Il Ministero tardò per mesi e mi costrinse a una formale richiesta d’ottemperanza di quanto disposto dal Tar. Fu quindi rilasciato il passaporto diplomatico ma il Tar successivamente con giudizio definitivo diede ragione al Ministero. Per cui il Ministero, questa volta immediatamente, ritirò il passaporto diplomatico col rischio di essere in India senza una tale protezione. Nel frattempo, col cambio di governo, fu nominata a capo della Farnesina Emma Bonino la quale decise in autonomia di rilasciare comunque il passaporto diplomatico. Anche perché nel frattempo si era costituito il gruppo dei funzionari Lgbti del ministero degli Affari Esteri o Globe-MAE.

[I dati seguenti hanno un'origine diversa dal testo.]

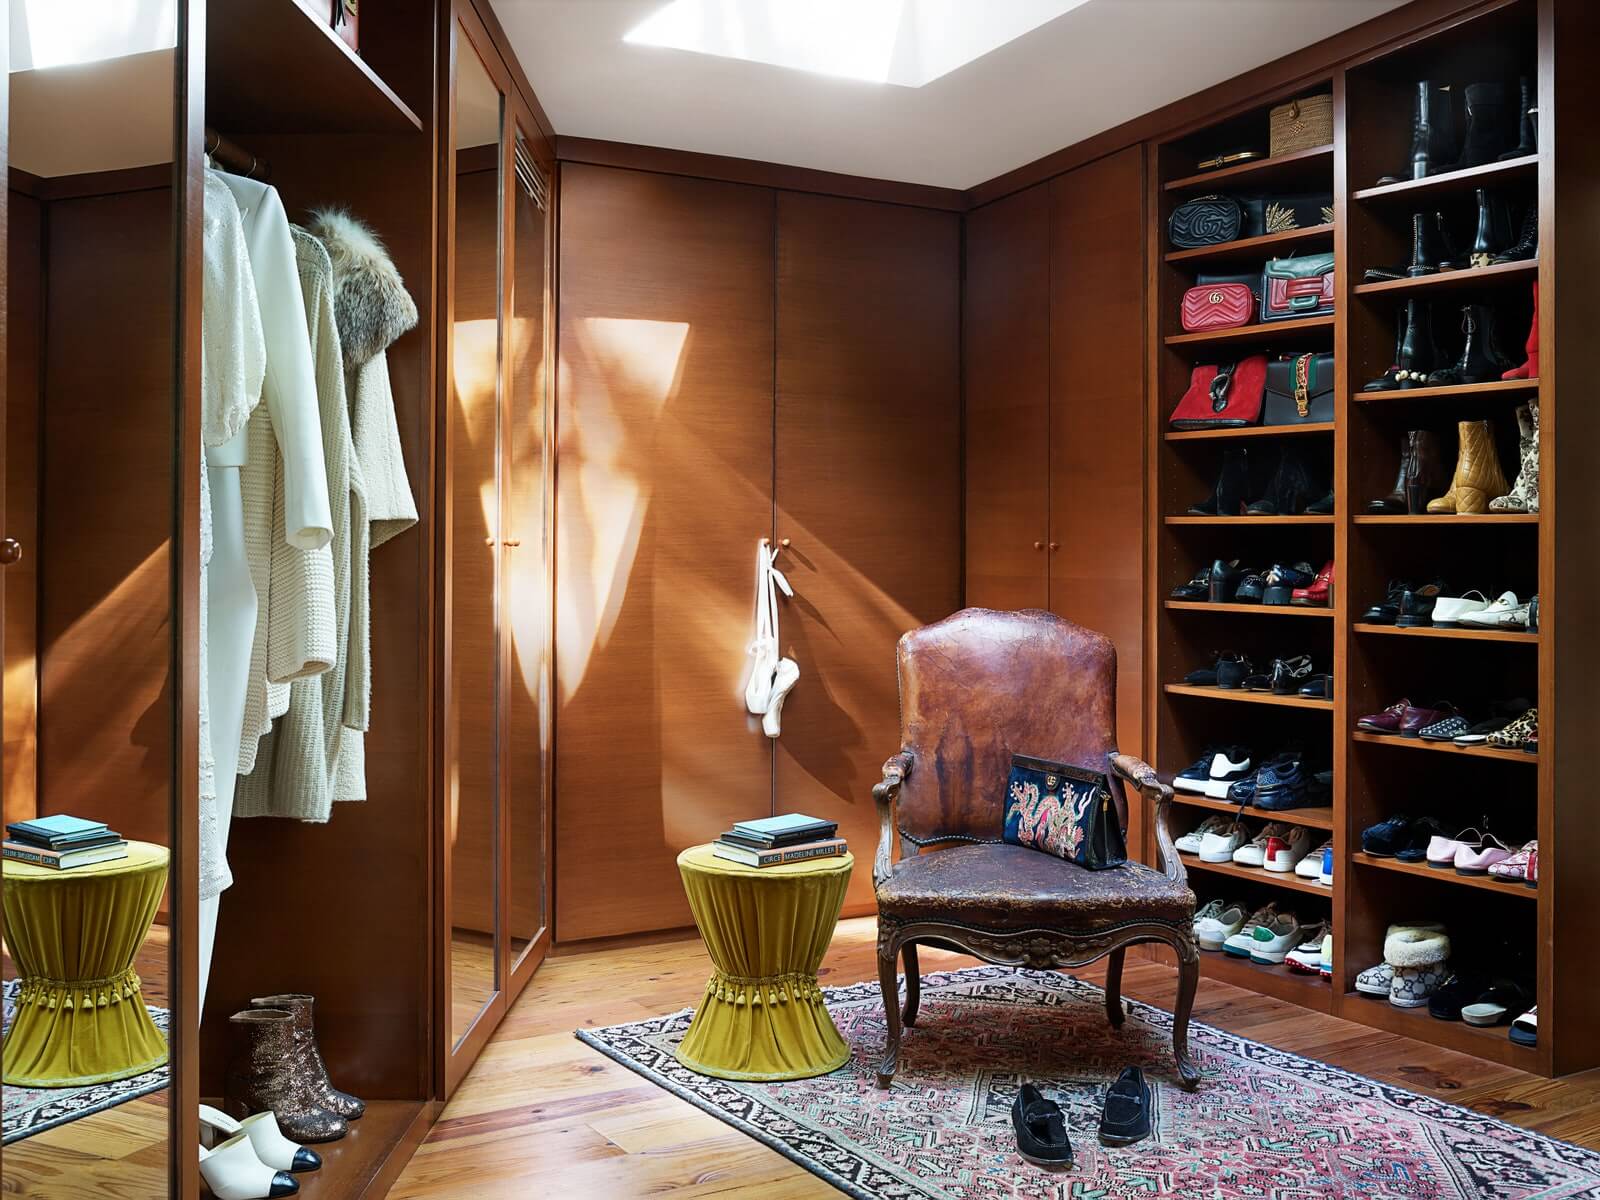 Dakota Johnson Closet - Celebrity closets for closet design ideas

Un caso davvero da manuale, dunque, il suo...

In realtò posso dire di sì. Il mio si configurò davvero come un caso precursore, che avrebbe fatto da apripista a tante coppie di colleghi. Insomma, il combinato, disposto dall’arrivo al Ministero di Emma Bonino e da un’azione di lobby condotta dall’associazione, ha portato al rilascio del passaporto diplomatico nel 2013. Bisogna dire che poi, anche grazie all’azione del Globe-MAE riuscimmo ad avere un nuovo decreto del Ministero per la disciplina del rilascio del passaporto diplomatico a favore dei membri della famiglia dei funzionari all’estero, che includeva a quel punto i componenti del nucleo familiare. Poi con l’arrivo della legge sulle unioni civili quello che prima era un atto eccezionale è divenuto fortunatamente di prassi.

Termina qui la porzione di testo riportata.